Joe Katchik

No. 73
- Position: Defensive tackle

Personal information
- Born: January 9, 1931 Plymouth, Pennsylvania, U.S.
- Died: February 9, 2014 (aged 83) Bound Brook, New Jersey, U.S.
- Listed height: 6 ft 9 in (2.06 m)
- Listed weight: 290 lb (132 kg)

Career information
- High school: Ward P. Davenport (Plymouth) Wyoming Seminary (Kingston, PA)
- College: Dickinson College
- NFL draft: 1954 (10th round, 118th overall pick)

Career history
- Los Angeles Rams (1955)*; New York Titans (1960);
- * Offseason or practice squad member only
- Stats at Pro Football Reference

= Joe Katchik =

American football player (1931–2014)

Joseph Katchik Jr. (January 9, 1931 – February 9, 2014) was an American professional football defensive tackle who played one season with the New York Titans of the American Football League (AFL).
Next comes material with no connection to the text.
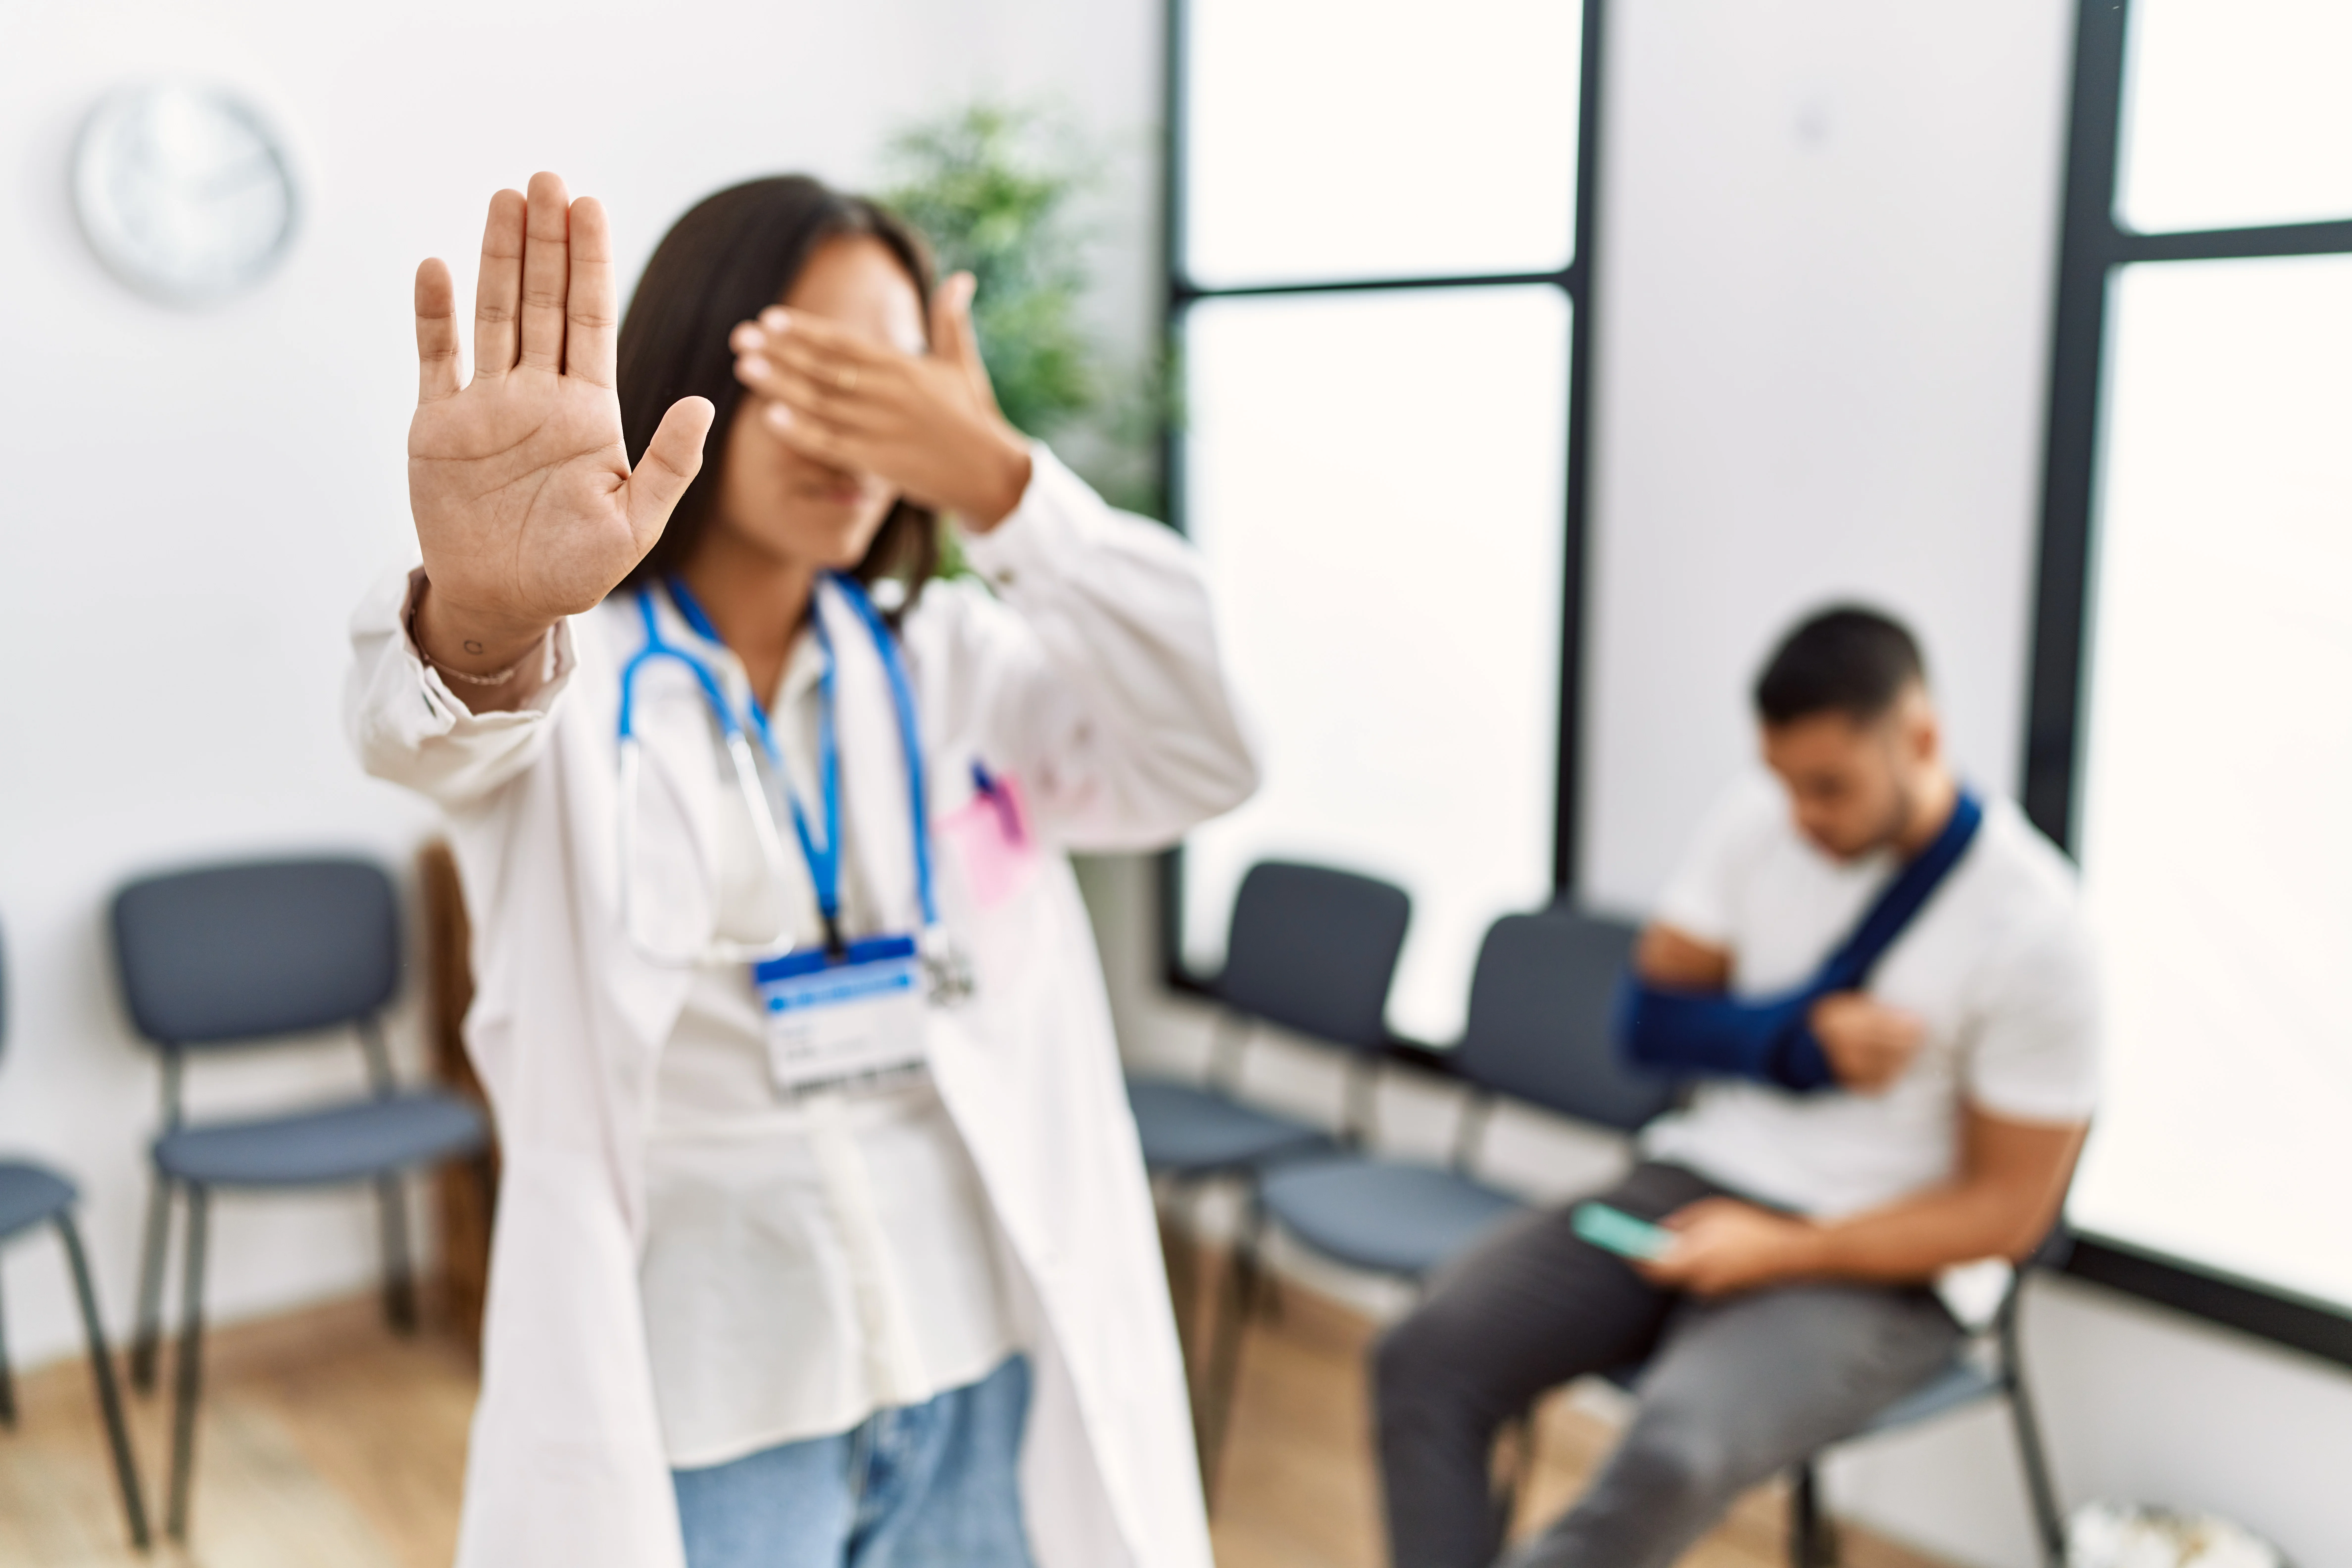 What You Should Know About Increasing Violence in the Healthcare Workplace

He was drafted by the Los Angeles Rams of the National Football League (NFL) in the tenth round of the 1954 NFL draft. Katchik played college football at the University of Notre Dame and Dickinson College.

==Early life==
Katchik was born at Plymouth, Pennsylvania, where he was educated in the public schools. From 1949 to 1950, he prepared for college at Wyoming Seminary in Kingston, Pennsylvania.

==College career==
Katchik first played college football for the Notre Dame Fighting Irish. He transferred to play football and basketball for the Dickinson Red Devils of Dickinson College.

==Professional career==
Katchik was selected by the Los Angeles Rams of the NFL in the tenth round with the 118th pick in the 1954 NFL draft. He played in two games for the AFL's New York Titans during the 1960 season.

==Personal life==
Katchik died on February 9, 2014, in Bound Brook, New Jersey.